I am not sure why, but whenever I talk to my friends about the benefits of having a Will, they seem to dismiss the advice, thinking that Wills are only meant for old people.  I was thus delighted to come across this article which highlights millennial-centric reasons for having a Will, some of which are as follows:

Digital Assets – while many millennials attest to not being flush with cash, many are flush with digital assets.  I have previously written about my digital presence, admitting that I have two personal e-mail addresses, four social media accounts, and so many points through reward programs such as Aeroplan, Indigo, Greenhouse Juice – the list goes on and on.  These assets carry both a financial and personal value.  Millennials preparing a Will should think about how they wish to transfer these assets.

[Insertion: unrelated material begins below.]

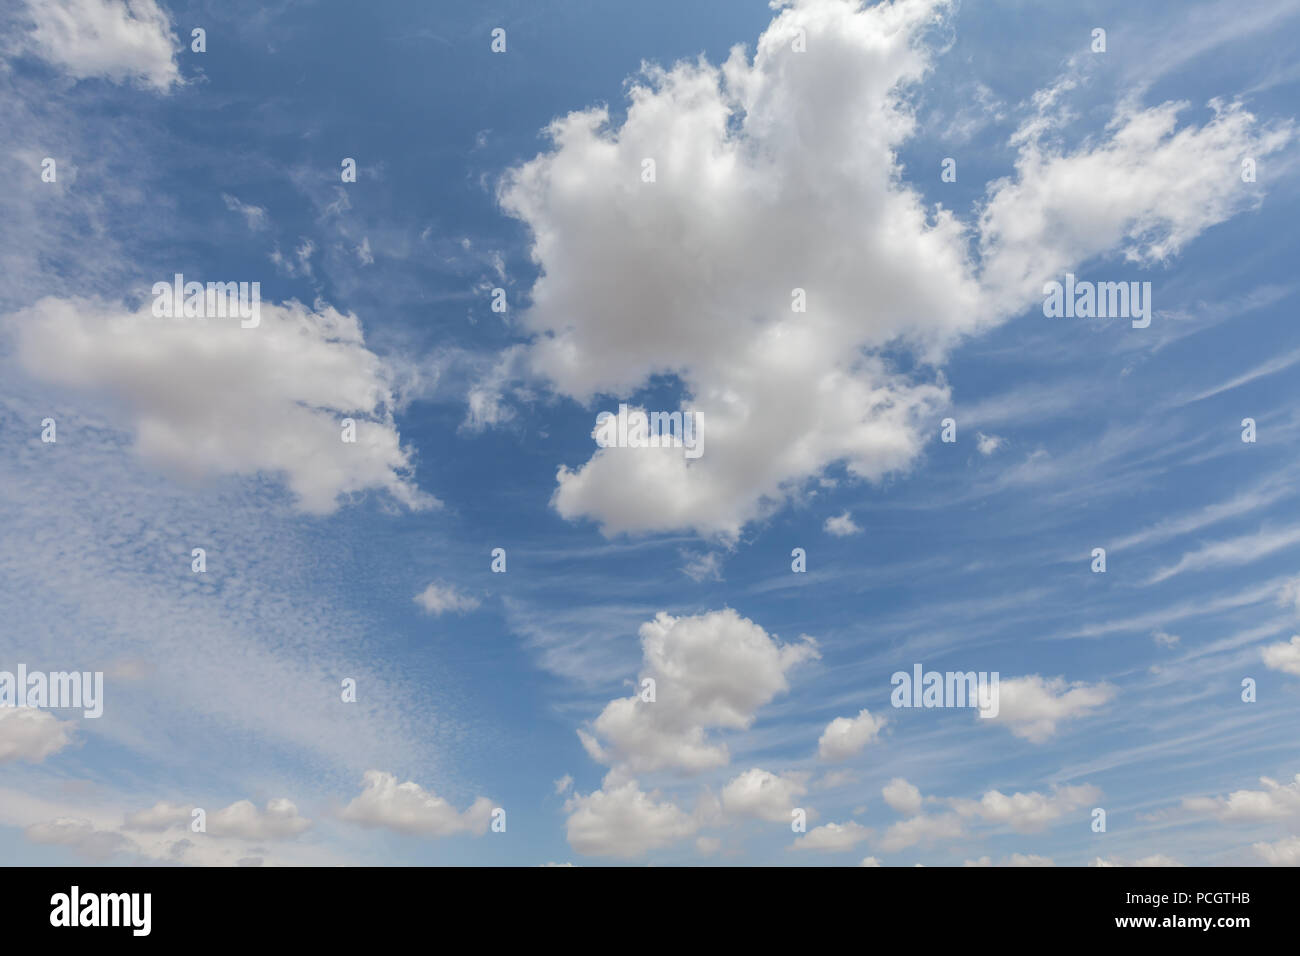 Schöne weiße Wolken und blauer Himmel über England UK. Flauschig und wispy cloudscape Hintergrund Stockfoto

Young Children – if a child is a minor, under the Children’s Law Reform Act,  it is possible for a testator to appoint one or more persons to have custody of that child in a Will.  It is also possible to set up a trust in the Will to ensure that the child’s inheritance is spent responsibly.  I often tell people that in making a Will, do not think of it as being done to benefit oneself (i.e. the testator), but to benefit and help your loved ones.  Being able to take care of minor children is a great example of this.

Pets Pets Pets – without engaging in the dog vs cat debate, it is suffice to say that many millennials have pets.  In fact, millennials these days are opting for pets over parenthood – just walk through Trinity Belwoods Park on a Saturday afternoon.  In Ontario, pets are considered property, and thus require specific estate planning.  Some options include leaving a cash legacy to a pet guardian or setting up a trust for a pet guardian, both of which can be accomplished in a Will.

Hoping that my millennial friends now agree that Wills aren’t just for old people!